Dia menggaruk pipi karena sapaanku yang lemah. “Aku tidak mencoba menipumu atau apa pun. Dia hanya mengatakan saya harus tetap diam tentang hal itu.
“Terima kasih sudah datang, Hibiya. I-tidak apa-apa. Aku sudah memberitahunya.”
Saya dengan gagah berani mencoba untuk mengikuti percakapan mereka. Mengapa Marie berhubungan dengan Hibiya? Tentu saja saya tahu kenapa. Karena dia memiliki “pembukaan” yang dia inginkan.
Marie ingat segalanya tentang pertempuran itu. Dia ingat betapa beraninya mereka bertarung, betapa mereka telah melindungi kami, betapa kerasnya mereka berusaha menjalankan rencana kami.
Kami bersumpah untuk tidak pernah menyerah demi masa depan, dan Marie tidak pernah melupakan hal itu. Dia jauh, jauh lebih kuat daripada yang kuberi penghargaan padanya. Dia sama sekali tidak takut mengotori pikirannya.
Sejak hari itu, dia pasti menggunakan kemampuannya untuk membuat rencana dengan Hibiya. Di tengah rasa sakit karena kehilangan teman-temannya, dan tekanan karena memiliki masa depan mereka di tangannya, dia tidak pernah mengungkapkannya kepadaku sedikit pun. Dan Hibiya telah bekerja dengannya, didorong oleh pemikiran yang sama. Saya yakin matanya sama terfokus pada masa depan sepanjang waktu. Itu sebabnya dia ada di sini.
… Ahh, aku tidak tahan. Saya tidak bisa memberi mereka sepatah kata pun. Saya menyerahkan segalanya untuk Marie, tidak dapat melakukan hal lain. Aku. Satu satunya. Dan inilah Marie, berjuang mati-matian melawan semua keputusasaan ini…!
Berlutut di sana, di tengah kuil, aku menangis tersedu-sedu. Itu melampaui rasa malu atau tidak hormat. Saya hanya merasa sangat menyedihkan, tidak dapat memberi penghargaan atas upaya mereka.
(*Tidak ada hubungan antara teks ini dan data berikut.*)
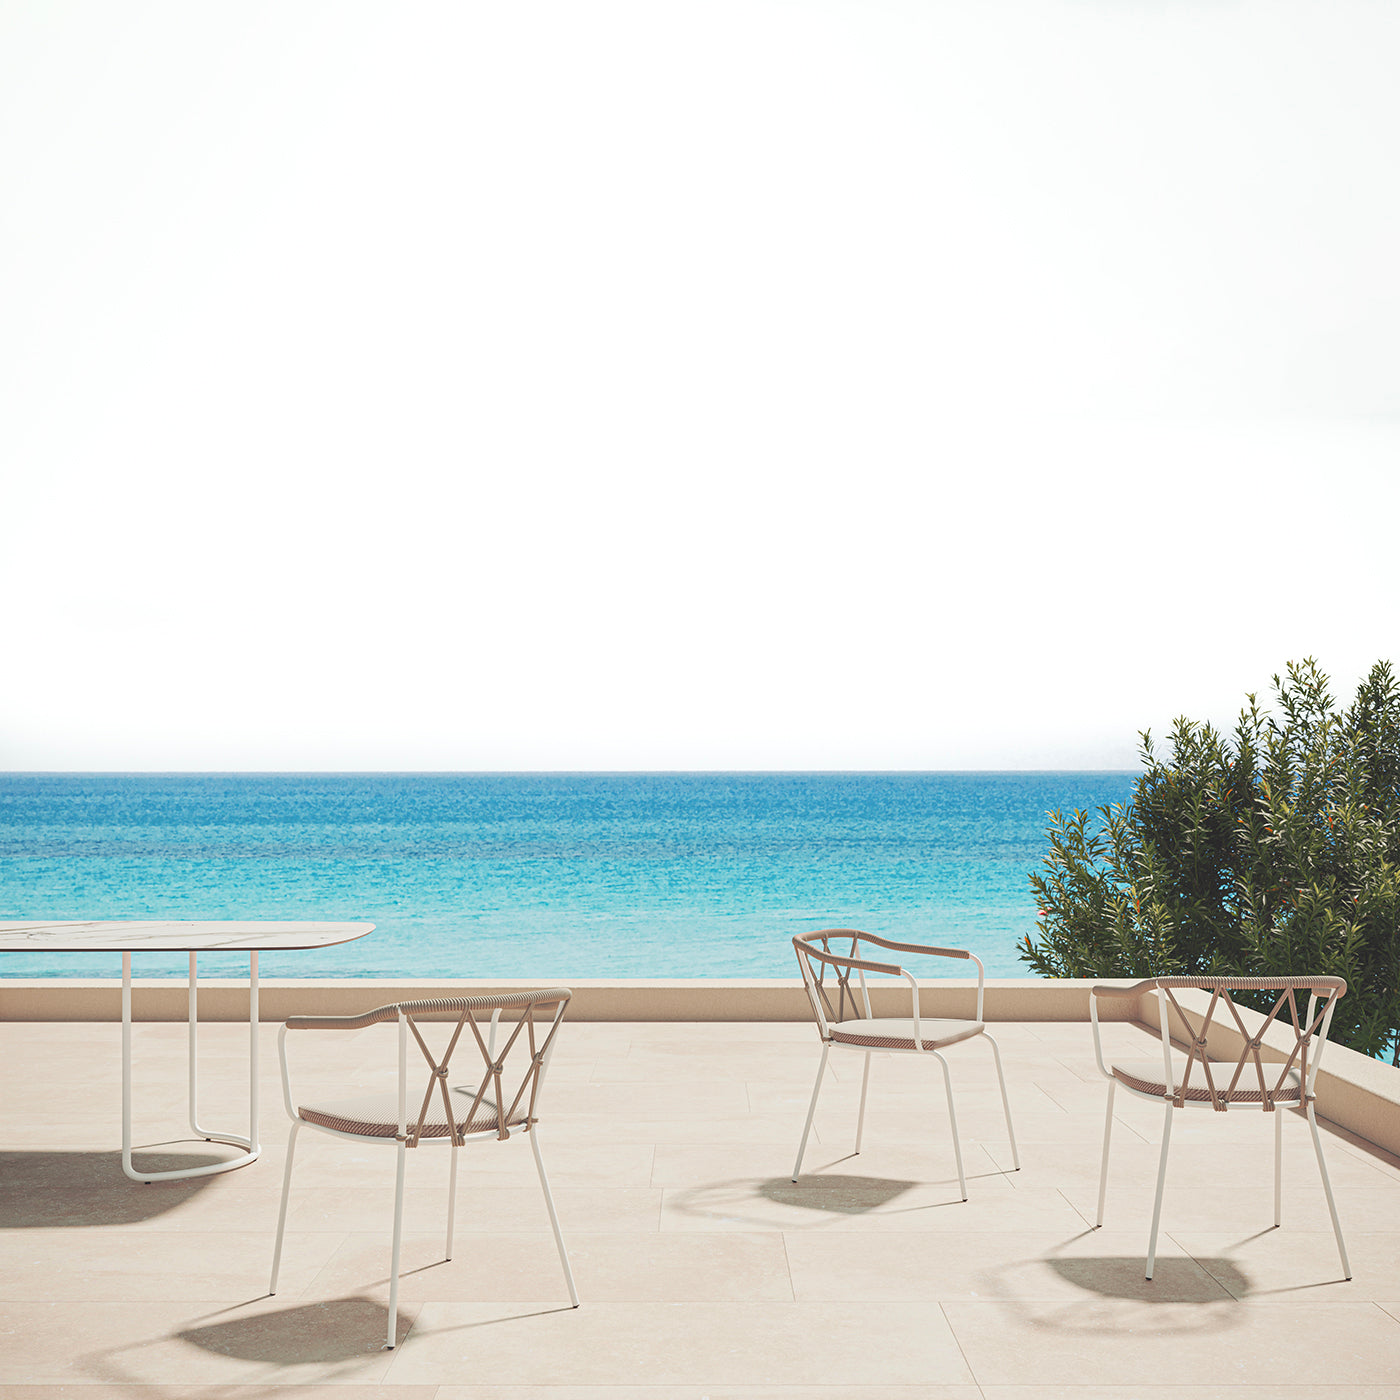 Scala Small Beige Outdoor Chair by Marco Piva - Alternative view 2

Saya hanya berharap seseorang akan menilai saya untuk itu. Bunuh aku karena menjadi pengecut. Silakan. Siapa pun…
“…Jangan terlalu takut. Ya, benar.”
Sebuah suara terdengar dalam kegelapan.
“Kamu tidak bisa mencaci dirimu sendiri untuk ini, Seto.”
Tidak, Marie. Berhenti.
“Tidak ada yang membencimu karena ini, Seto. Aku tahu kau berjuang untuk kami.”
Aku tidak berhak merasakan pelukanmu. Tidak mungkin aku bisa menerima pengampunanmu.
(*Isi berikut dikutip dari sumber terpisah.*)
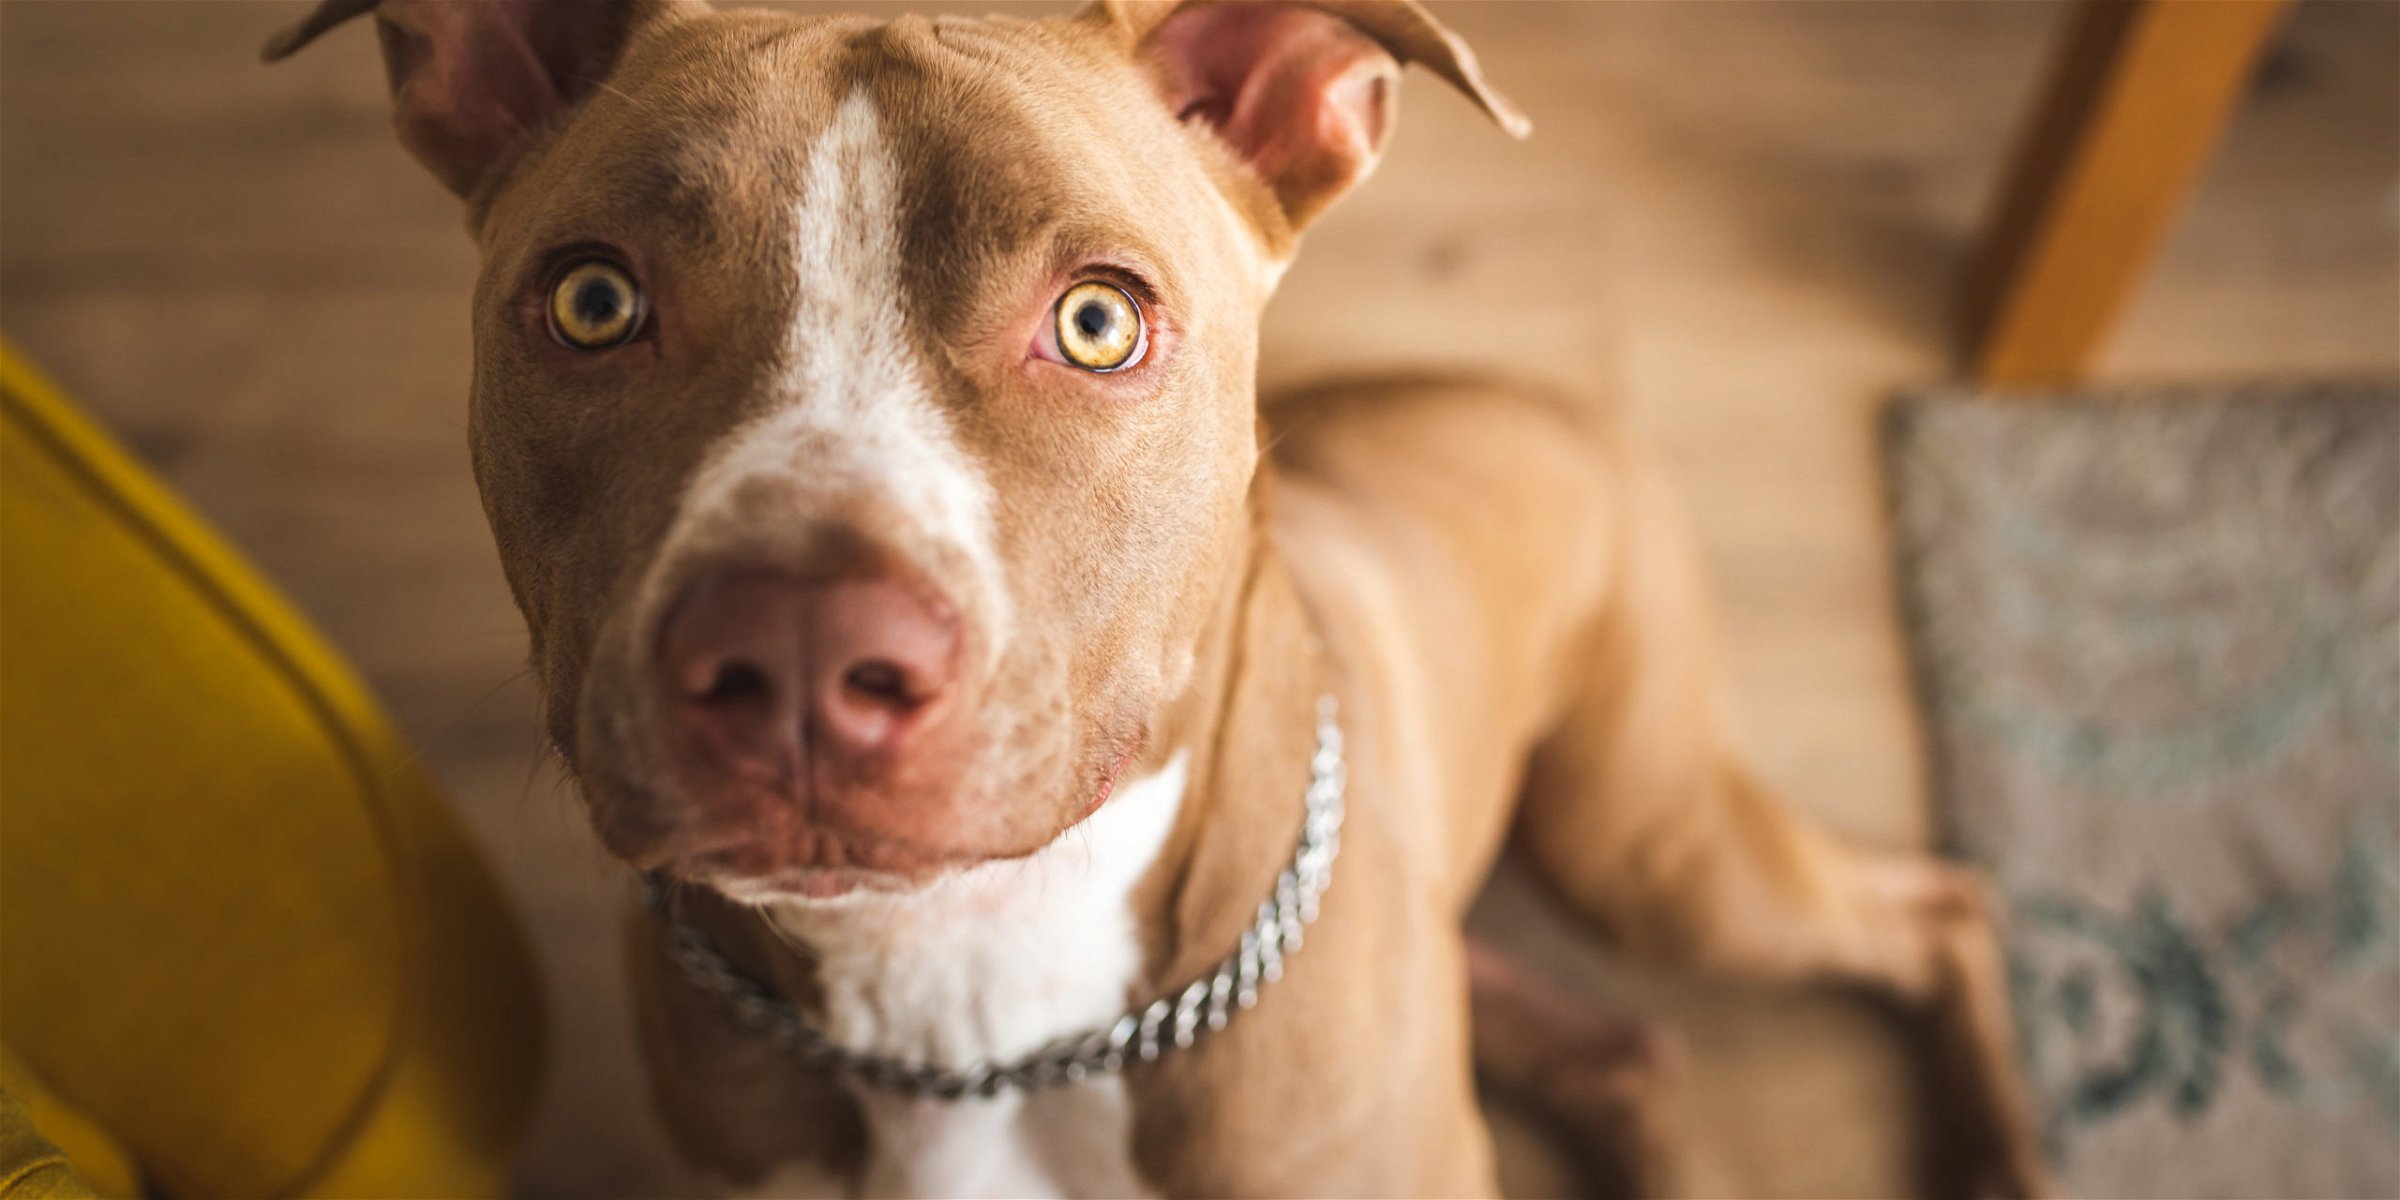 Dog bites in apartment building complexes can be tricky cases due to breed and size restrictions that may limit insurance liability. Call our South Carolina dog bite attorneys if you were severely injured.

“Terima kasih telah melindungiku selama ini. Terima kasih telah memikirkan saya begitu banyak.”
Suara itu, tidak berubah sejak hari itu, kini menghancurkan duniaku. Saya telah mendedikasikan seluruh hidup saya untuk suara itu. Dan sekarang… aku…
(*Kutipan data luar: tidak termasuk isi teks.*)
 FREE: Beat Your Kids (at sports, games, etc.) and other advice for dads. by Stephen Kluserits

“Berkat kamu, aku jadi mencintai seluruh dunia ini.”
Membuka mata saya, saya menempatkan mereka pada air mata yang paling indah di dunia. Apakah Anda membandingkannya dengan cahaya, atau sekuntum bunga, atau harapan, tidak ada cukup kata di dunia untuk menggambarkan betapa tak ternilai harganya.
Aku hanya ingin membuatnya tetap aman. Saya ingin mengeluarkannya dari musim panas tanpa akhir ini.
Jika Tuhan tidak memiliki apa pun selain musim panas ini untuk kami, saya ingin membuatnya bersamanya.
Sejak saat itu, aku benar-benar jatuh cinta dengan gadis ini.
“Eh, Seto? Apa menurutmu kita bisa melihat kembang api dengan baik dari sini?”
Harapan saya yang tak terjangkau melebur ke dalam malam musim panas.
Di sini, di tempat ini tanpa suara, tanpa cahaya yang bisa ditemukan…
Kehangatannya adalah satu-satunya hal yang aku yakini.